Manuel Villaverde Cabral, Observador
Não esqueçamos que este tribunal pretensamente justiceiro é o mesmo que legitimou a trapaça dos deputados e permitiu que os dinossauros das autarquias se candidatassem na câmara ao lado...
Aquilo que se tem passado nas últimas semanas com o Tribunal Constitucional constitui um caso extremo do pior que há em Portugal no plano institucional, a saber, o sistema judicial.
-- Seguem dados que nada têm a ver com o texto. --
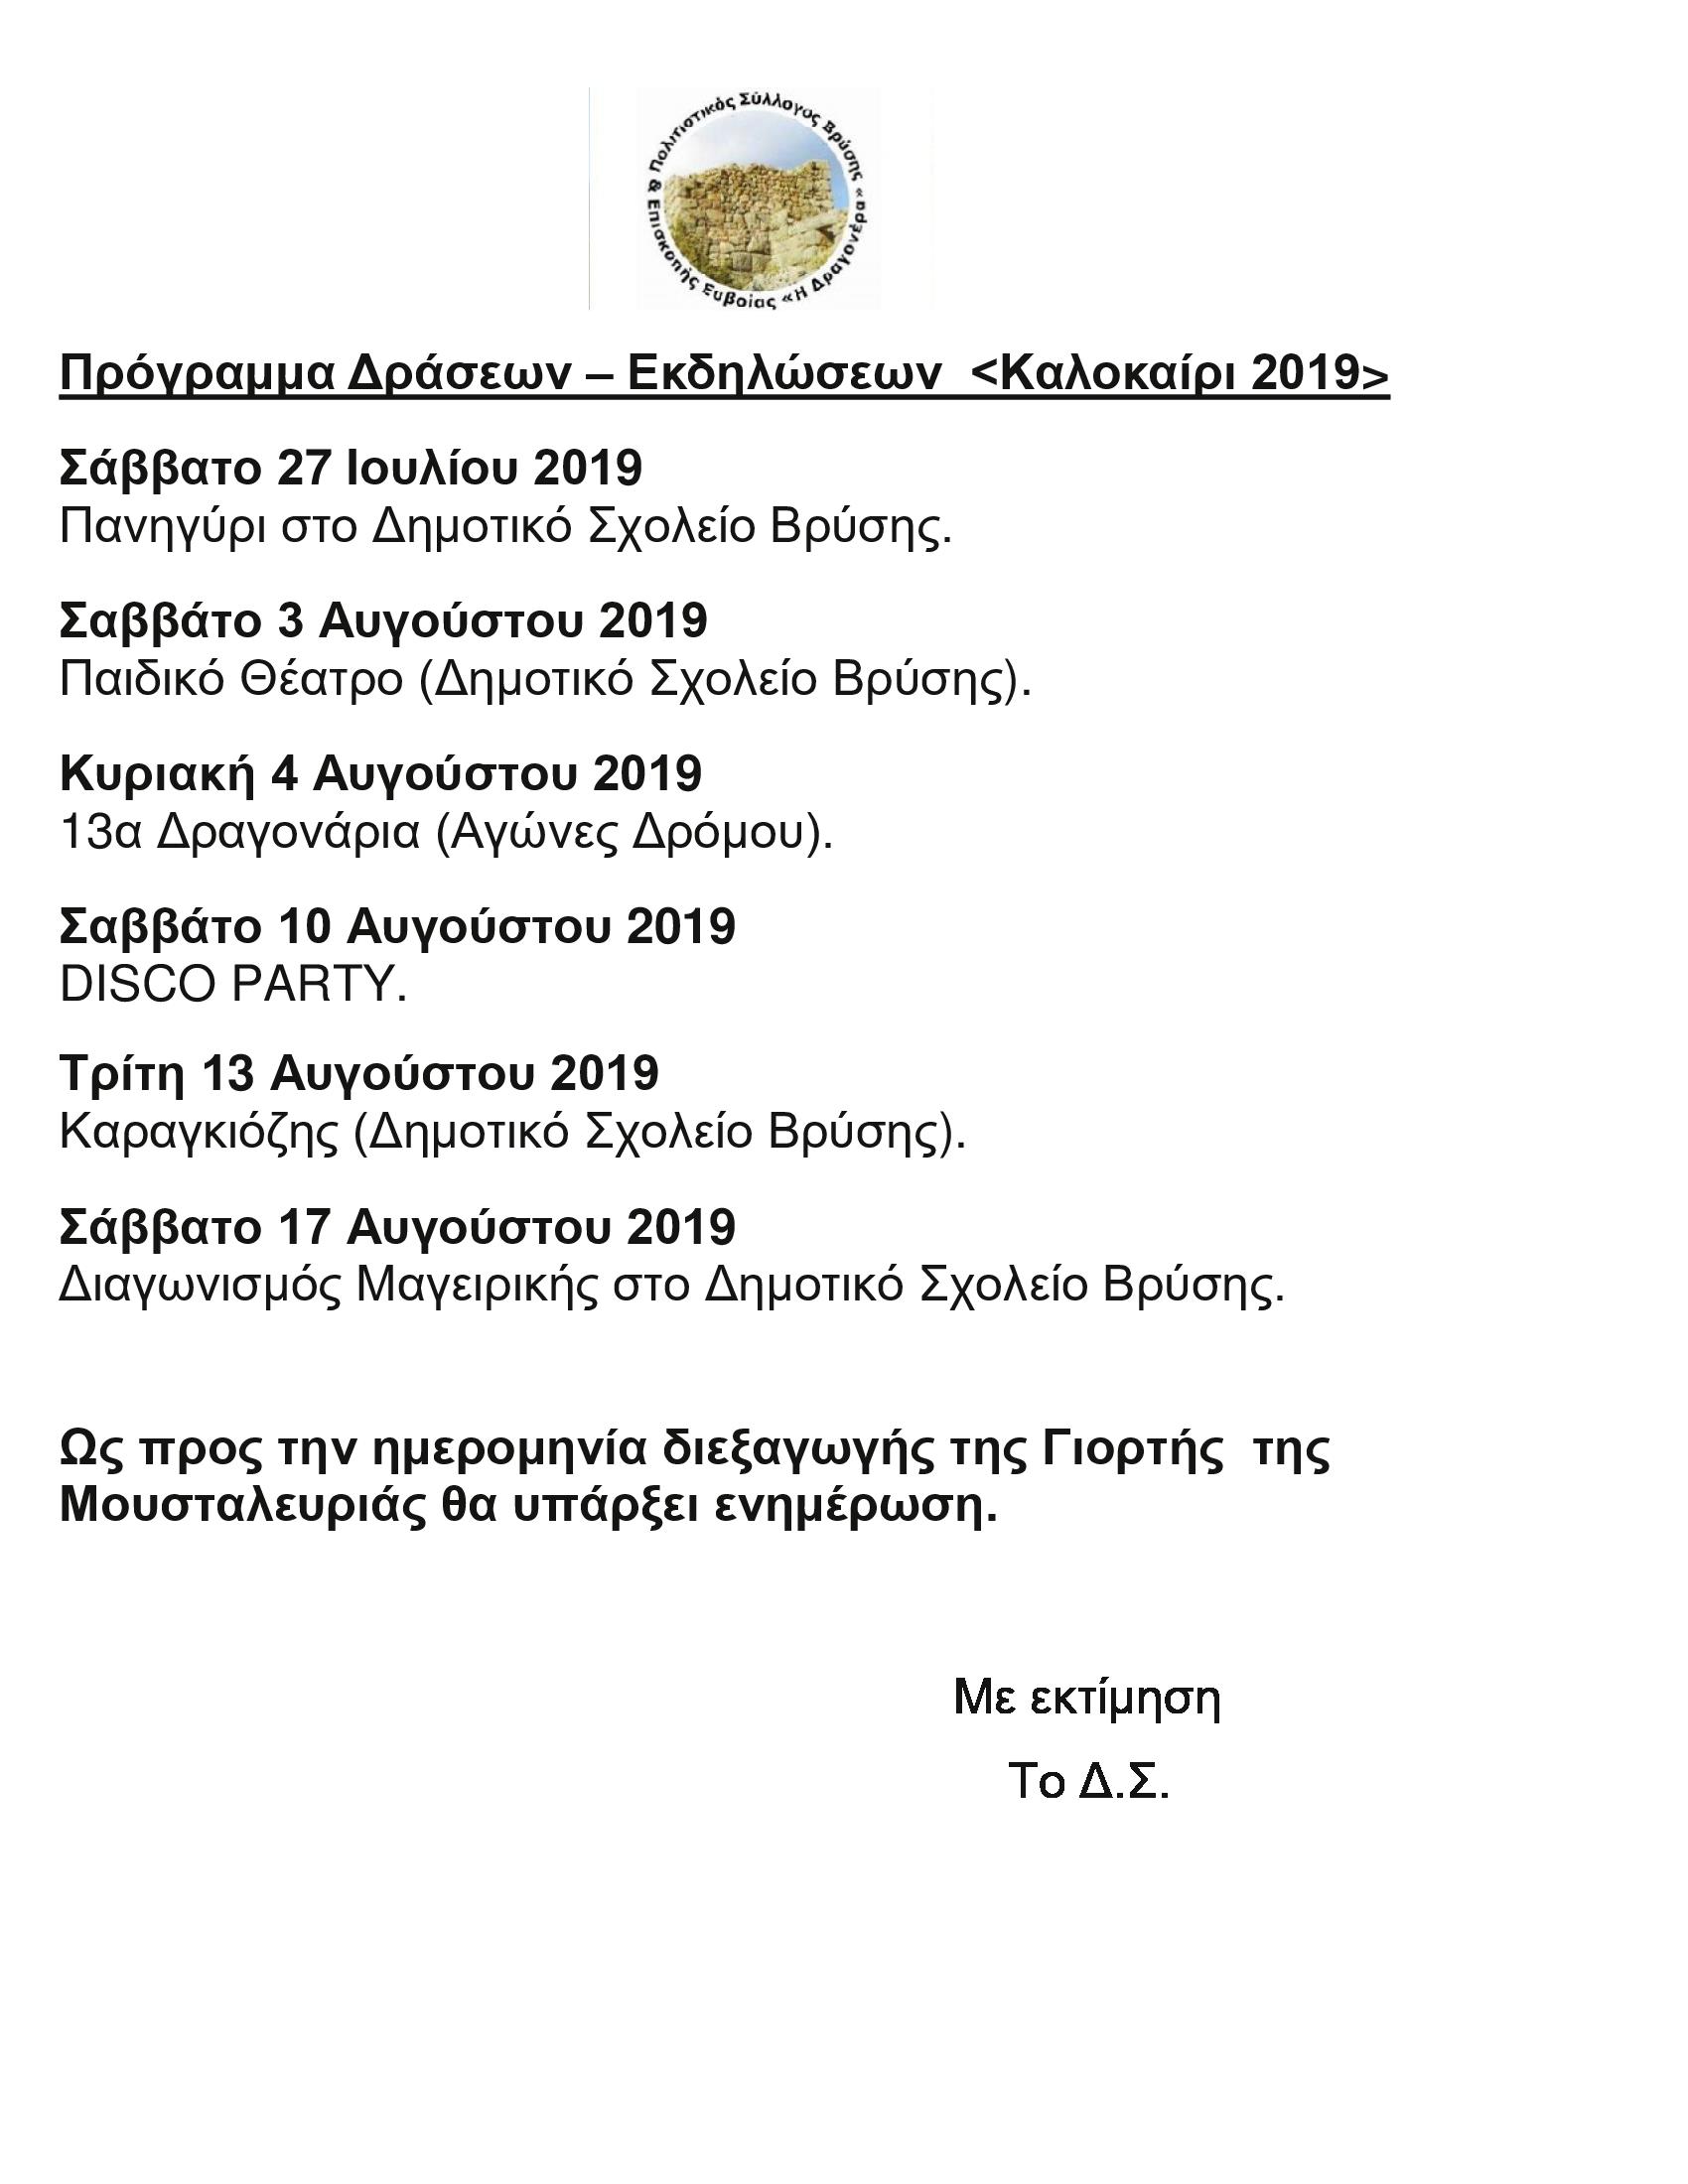 ΑΦΙΣΑ-ΓΙΑ-ΠΡΟΓΡΑΜΜΑ-ΕΚΔΗΛΩΣΕΩΝ-ΣΥΛΛΟΓΟΥ-ΚΑΛΟΚΑΙΡΙ-2019

Com efeito, se os engenheiros e os médicos funcionassem como os juízes não havia ponte que não viesse abaixo nem doente que se salvasse. Não se trata apenas de mais um exemplo da pretensa independência e irresponsabilidade do chamado «terceiro poder». O comportamento da maioria dos membros do TC está para além do enviesamento político ou da febre ideológica. O próprio constitucionalista Vital Moreira o sugere. Trata-se, lamentavelmente, do caso mais exacerbado de corporativismo que o país sofre.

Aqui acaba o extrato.